Emotionen dominierten paranoiden Wahlkampf War Ibiza nur eine Ausrede?
Ibiza und die Folgen: Experten, Wissenschafter und Wahlkampfmanager aller Parteien blicken hinter die Kulissen der Nationalratswahl.
HELMUT SCHLIESSELBERGER
WIEN. Warum hatte die ÖVP im Juni 2019 plötzlich so große Sorge, dass die SPÖ eventuell in letzter Sekunde Pamela Rendi-Wagner gegen einen Spitzenkandidaten mit unverbrauchtem Image austauschen könnte? Warum konnte Pamela Rendi-Wagner aus der Ibiza-Krise keinen Profit schlagen? Wie sauer waren die Sozialdemokraten auf den Bundespräsidenten, weil dieser ein kurzlebiges Übergangskabinett Kurz angelobte? Welche Strategien verfolgten die Kandidaten im Wahlkampf? Und warum glaubte man in der FPÖ schon im Jänner 2019, dass der Koalitionspartner ÖVP sich auf eine Neuwahl vorbereite?
Das Buch „Wahl 2019 – Strategien, Schnitzel, Skandale“arbeitet zeitnah einen Wahlkampf auf, der mit dem Ibiza-Aufregervideo begann – oder sogar schon zuvor. Den Herausgebern Thomas Hofer und Barbara Toth gelang es erneut, neben Experten und Wissenschaftern über alle Parteigrenzen hinweg auch die Wahlkampfmanager als Autoren hintergründiger Einblicke unter einen Buchdeckel zu bringen.
Thomas Hofer weist auf „die Dominanz der Emotionen“in einem „paranoiden Wahlkampf“hin. Die SPÖ habe sich zu früh über das gelungene Unterfangen gefreut, Kurz im Wahlkampf mit dem Kanzlerbonus Strahlkraft zu nehmen. Aufgrund
der strategischen Schwächen ihrer Partei kam die SPÖ-Chefin nie ins Kanzlerrennen. In der Frühphase des Wahlkampfs war, wie Hofer berichtet, eine Übernahme der Partei durch den Medienmanager Gerhard Zeiler im Raum gestanden.
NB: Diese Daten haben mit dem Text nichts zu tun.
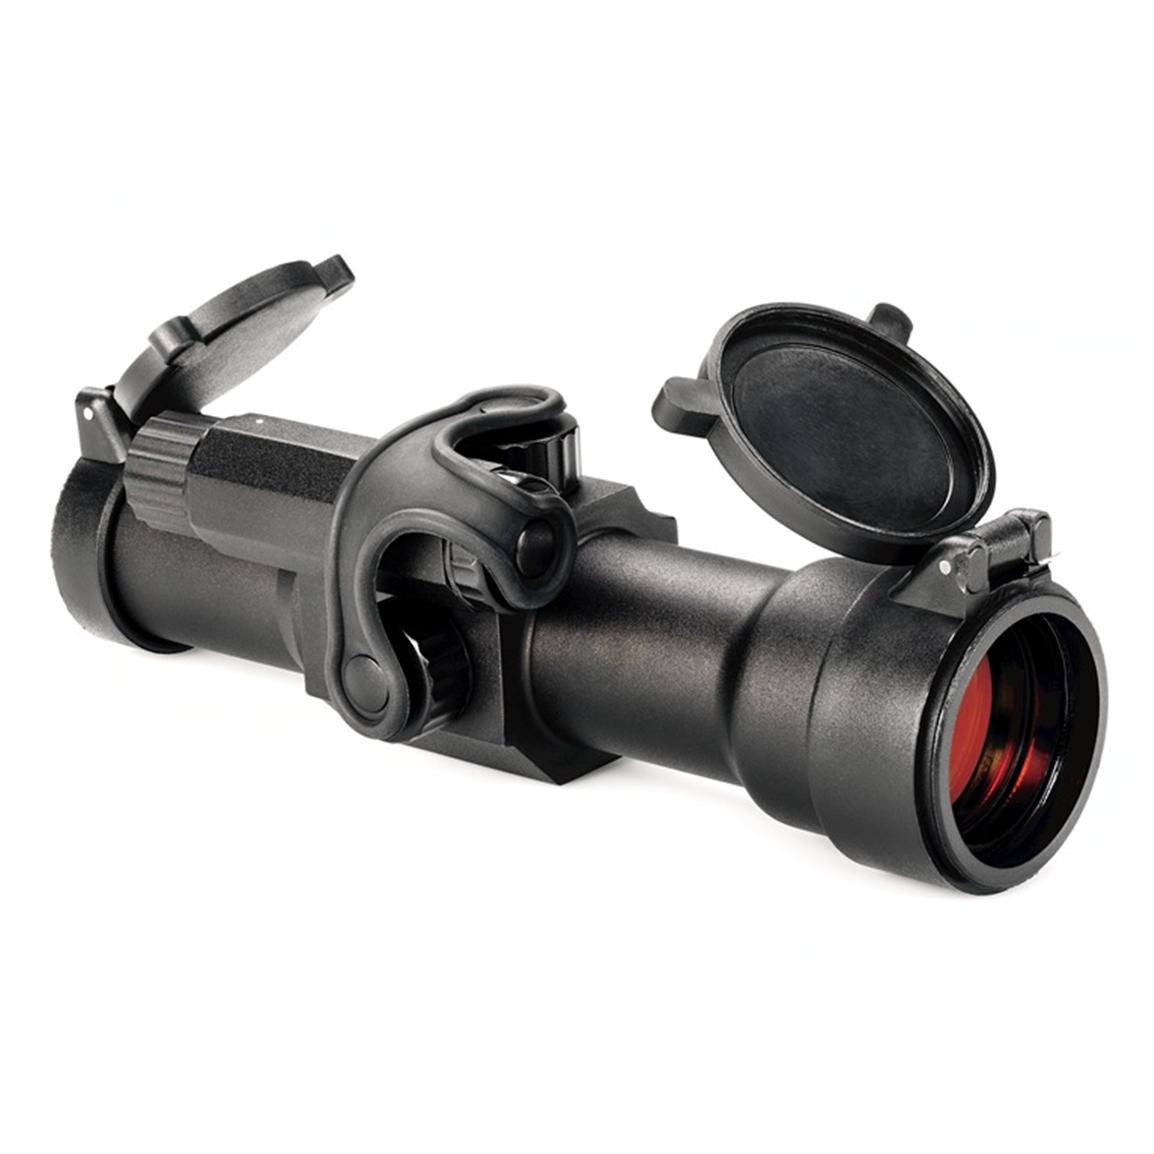 Tasco® Propoint 1x30mm 5 Moa Red Dot Rifle Scope 210116 Red Dot

In der ÖVP sei das Potenzial Zeilers hoch eingeschätzt worden, weshalb mit Vorbereitungen auf einen Wahlkampf gegen den fiktiven Kandidaten begonnen wurde.
Die breite Solidarisierung, die nach Kurz’ Abwahl quer durch die Bevölkerung entstanden ist, konnte über viereinhalb Monate kaum gehalten werden. Eine Mischung aus Opferrolle, Herausnahme des Kandidaten aus dem täglichen medialen Diskurs und angekündigter glorioser Rückkehr wurde zur emotionalen Basis der türkisen Kampagne.
Nach der Angelobung des Übergangskabinetts Kurz mit vier neuen Ministern sei hinter den Kulissen auch Bundespräsident Van der Bellen unter Beschuss geraten, berichtet Hofer. Auch SPÖ-Stratege Stefan Hirsch moniert, dass Van der Bellen eine Regierung angelobt habe, die keine sichere Mehrheit im Parlament hatte. Zur Erinnerung: Kurz hatte unmittelbar nach Platzen der Koalition die freiheitlichen Minister durch vier Experten ersetzt. Diese Regierung wurde nach wenigen Tagen vom Nationalrat abgewählt, woraufhin der Bundespräsident die Regierung Bierlein aus dem Hut zauberte.
Wahlforscher Franz Sommer weist nach, dass die Mehrheit aller Wähler, auch erhebliche Teile der FPÖ- und SPÖ-Wähler gegen die Abwahl von Kurz gewesen seien.
Die ÖVP-Kampagnenexperten Lukas Holter und Philipp Maderthaner zeigen in ihrem Beitrag auf, wie die ÖVP im digitalen Wahlkampf mit ihrem Beteiligten-Netzwerk mit mehr als 250.000 Unterstützerkontakten reüssierte, obwohl sie bei den Werbeausgaben in sozialen Medien klar hinter FPÖ, SPÖ und Grünen gelegen sei.
FPÖ-Wahlkampfmanager Christian Hafenecker berichtet, dass sich blaue Funktionäre schon im Jänner 2019 die Frage stellten, ob die ÖVP nicht bereits 2019 „den Stecker ziehen“werde – was nach Ibiza dann tatsächlich geschah. Hier schwingt der Vorwurf mit, dass Ibiza für die ÖVP nur ein Vorwand gewesen sei, die Koalition mit den Freiheitlichen vorzeitig zu beenden.